Human glioma tissue samples (n=24) were analyzed to detect the change in expression of PDCD4 in glioma. RT-qPCR demonstrated that PDCD4 was significantly downregulated in glioma tissues (by ~20%), as compared with adjacent normal tissues (P=0.034; Fig. 1A), which was supported by western blot analysis (Fig. 1B). In a few samples, no PDCD4 expression was detected.

This experiment was repeated with glioma cell lines (U251, LN-18, U87 and H4), and the human astrocyte HA cell line was used as the control. RT-qPCR and western blot analysis demonstrated that PDCD4 expression was suppressed in all glioma cell lines compared with the HA cells, and its expression was the lowest in the U251 cells (Fig. 1C and D).
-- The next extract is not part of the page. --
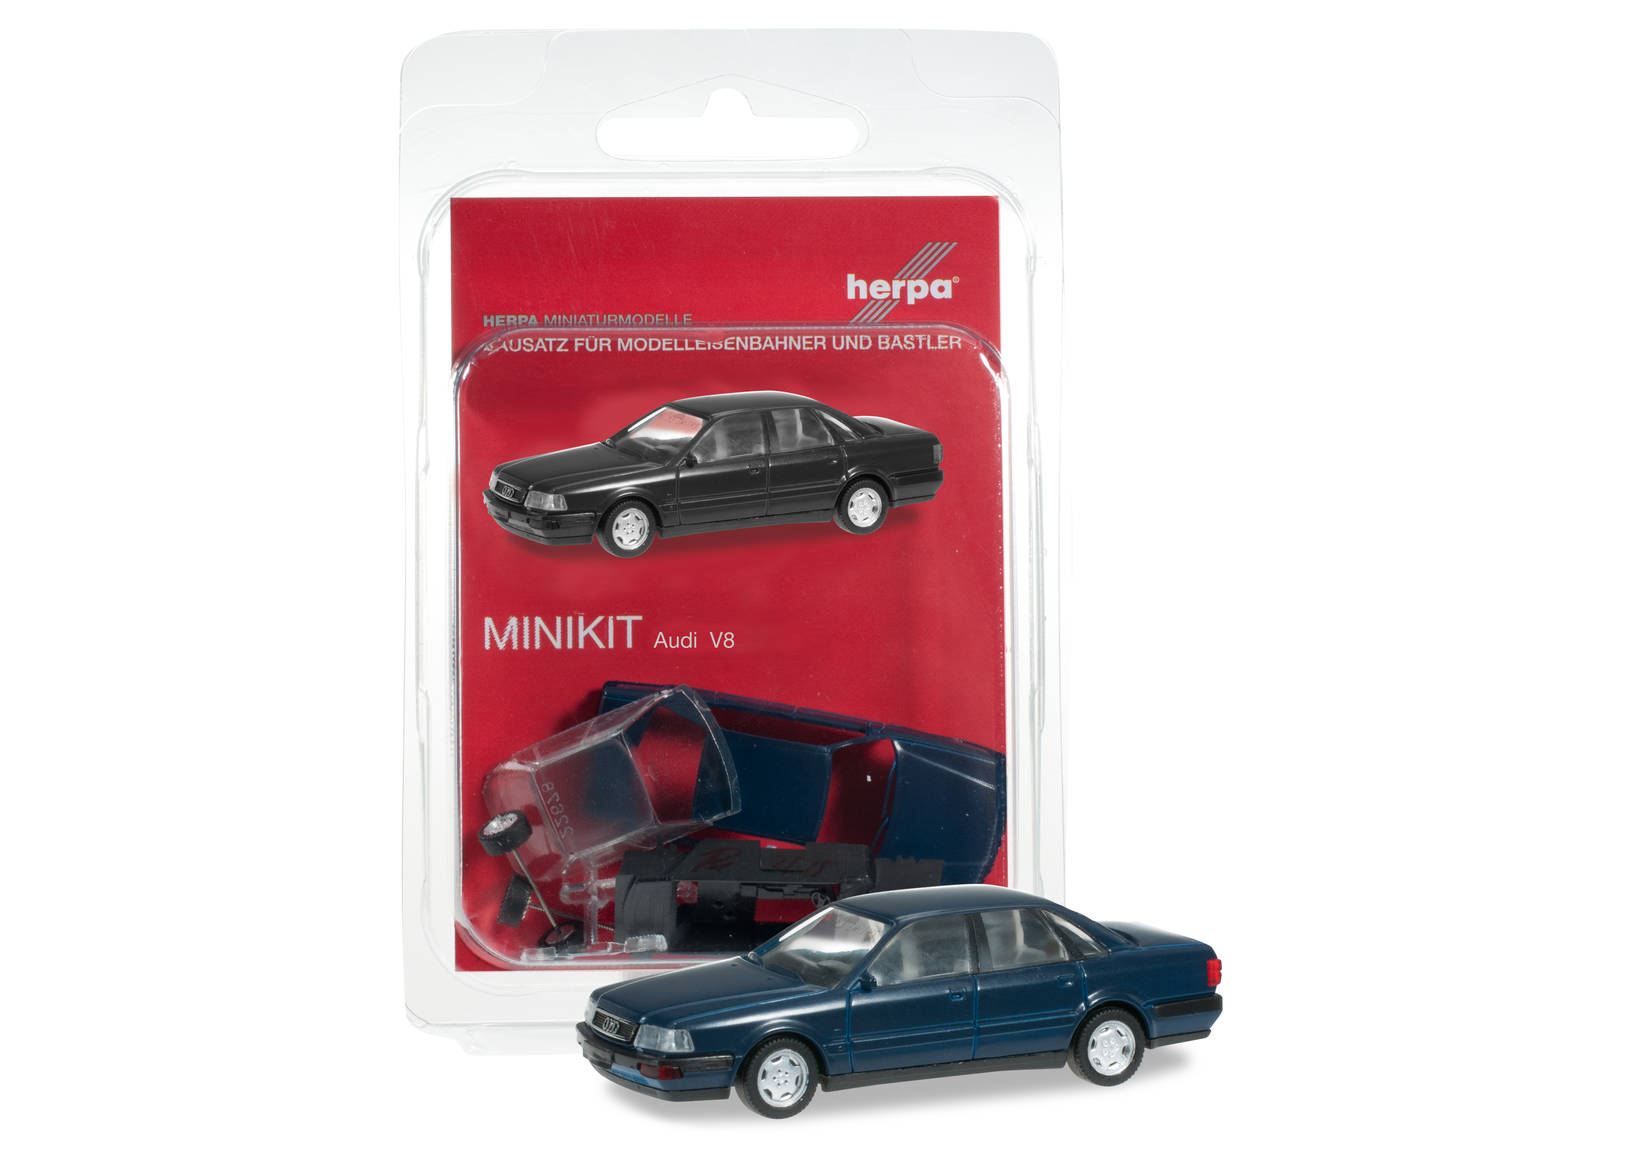 Minikit Audi V8, steel blue
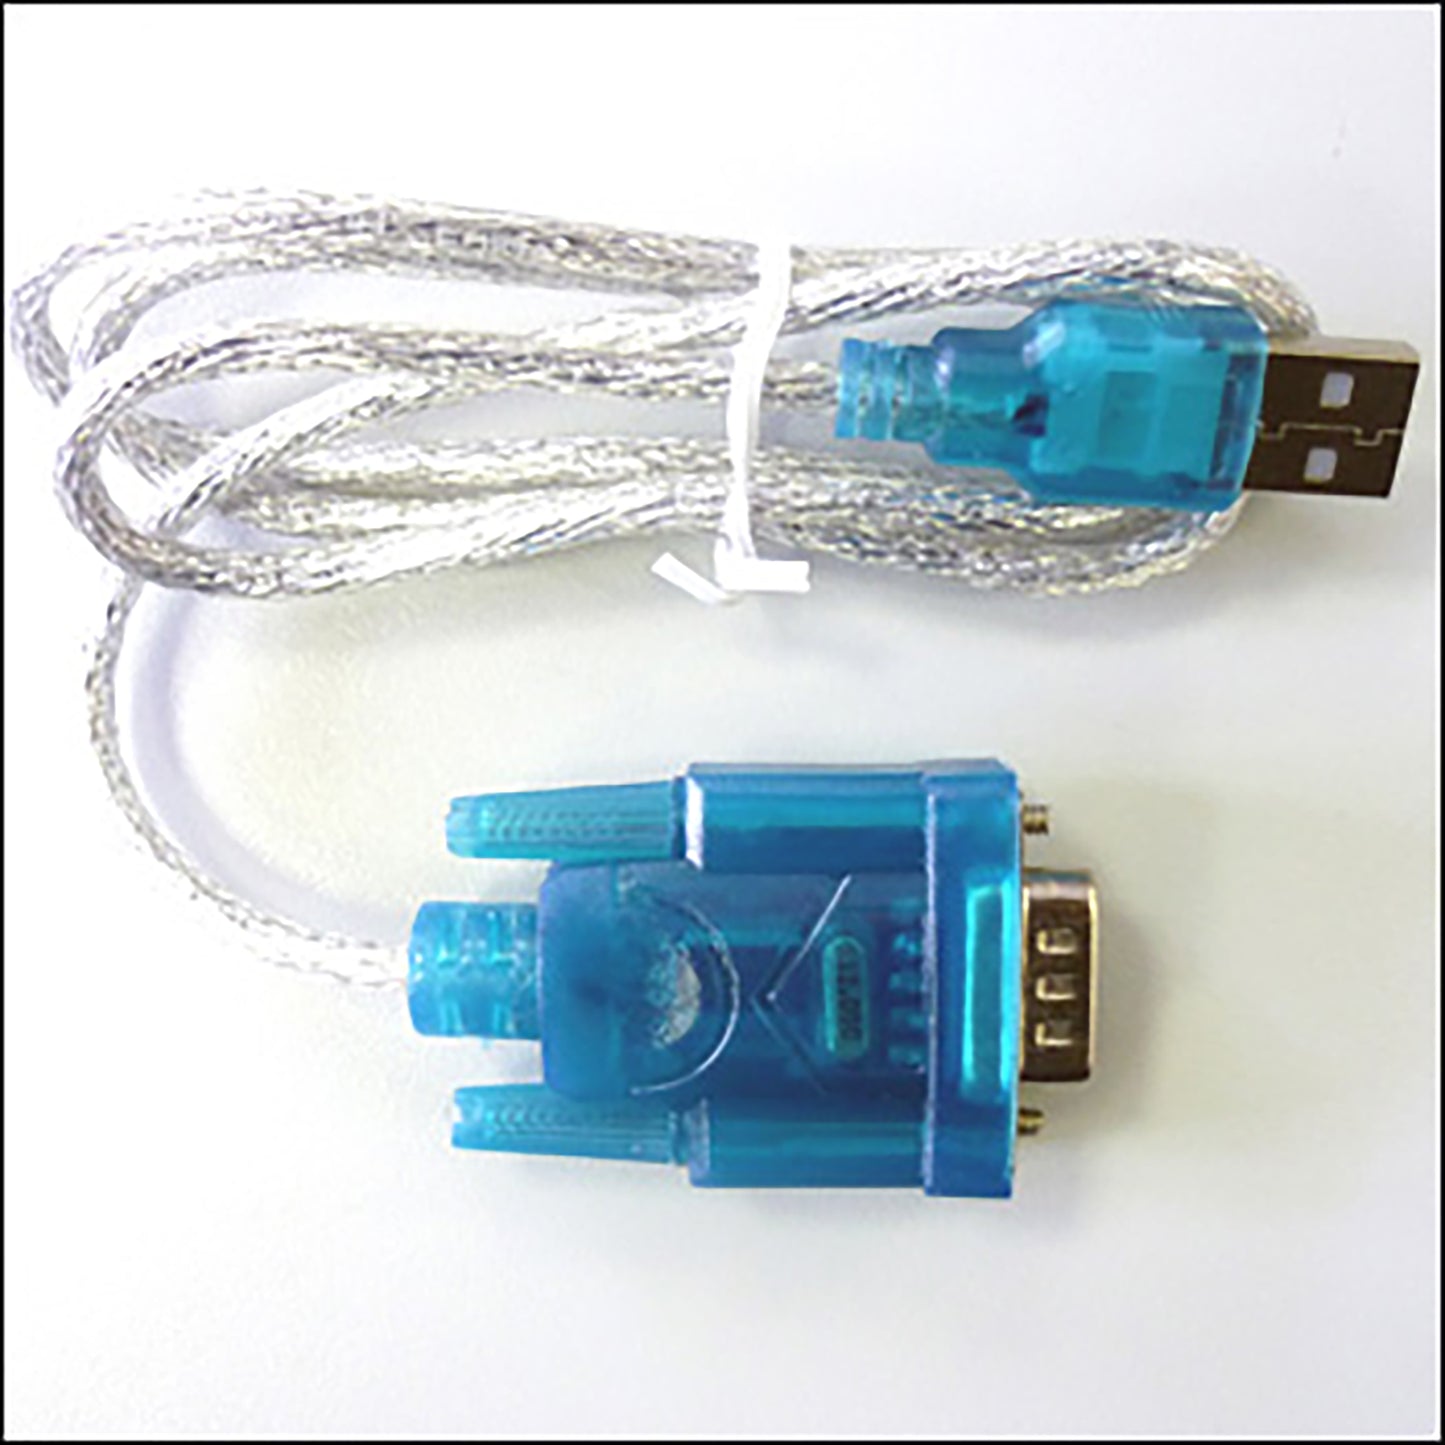 MA8050 - переходник USB-COM (RS232C)

Next, the potential functions of PDCD4 in glioma were investigated. A lentivirus was constructed, Lenti-PDCD4, containing the full length PDCD4 cDNA, and PDCD4 was overexpressed in U251 cells by infection with Lenti-PDCD4. Western blot analysis indicated that PDCD4 was successfully overexpressed compared with the Lenti-Empty construct (Fig. 2A). CCK-8 assay was employed to determine whether PDCD4 affects the proliferation of glioma cells. Glioma cells infected with Lenti-PDCD4 exhibited a significantly lower proliferation rate than the control at 48 and 60 h following transfection (P<0.05; Fig. 2B). In addition, Transwell migration assays were performed to verify invasive ability. The results demonstrated that PDCD4 overexpression resulted in a significant decrease in the invasion rate of U251 cells compared with the control (P<0.05; Fig. 2C).

Next, mechanisms underlying PDCD4 downregulation in glioma were investigated. Epigenetic modifications, particularly methylation at specific histone sites, are important in gene expression. ChIP assays demonstrated that the level of H3K27me3 at the PDCD4 promoter region increased significantly in the U251 cells, as compared wih the HA cells (P=0.019; Fig. 3A), thus favoring transcriptional silencing. Conversely, H3K4me3 exhibited little change between the HA and U251 cells (P>0.05; Fig. 3A). The levels of EZH2 and suppressor of zeste 12 (SUZ12), core components of the PRC2 complex, at the PDCD4 promoter region were significantly increased in the U251 cells, as compared with the HA cells (P<0.05; Fig. 3B). These results indicated that the PRC2 complex was able to downregulate PDCD4 expression by increasing the level of H3K27me3 at its promoter.

The expression of HOTAIR was measured in human glioma tissue samples. RT-qPCR demonstrated that HOTAIR expression was significantly elevated (by ~30-fold) in glioma tissues, as compared with normal tissues (P=0.039; Fig. 4A). A similar trend was observed in the glioma cell lines, in which HOTAIR RNA levels were significantly elevated compared with the HA cells (P<0.05; Fig. 4B). To investigate the function of HOTAIR, the gene was knocked down in U251 cells using siRNA, which significantly decreased its expression, as compared with the scramble RNA (P<0.05; Fig. 4C).

The present study investigated how the expression of PDCD4 was silenced in glioma cells. It was hypothesized that HOTAIR may induce the recruitment of PRC2 to the PDCD4 promoter. Western blot analysis indicated that PDCD4 expression was upregulated when HOTAIR was knocked down in glioma cells (Fig. 5A). Histone modifications at the PDCD4 promoter were measured by ChIP assays. The results demonstrated that when HOTAIR was knocked down in glioma cells, the H3K27me3 level at the PDCD4 promoter was significantly reduced compared with the control (P=0.031; Fig. 5B). Furthermore, the recruitment of EZH2 and SUZ12 to the PDCD4 promoter was measured, and the results indicated that the level of PRC2 components at the PDCD4 promoter was decreased in glioma cells following HOTAIR-knockdown compared with the control (Fig. 5C). These results suggest that the upregulation of HOTAIR results in PDCD4 silencing in glioma cells.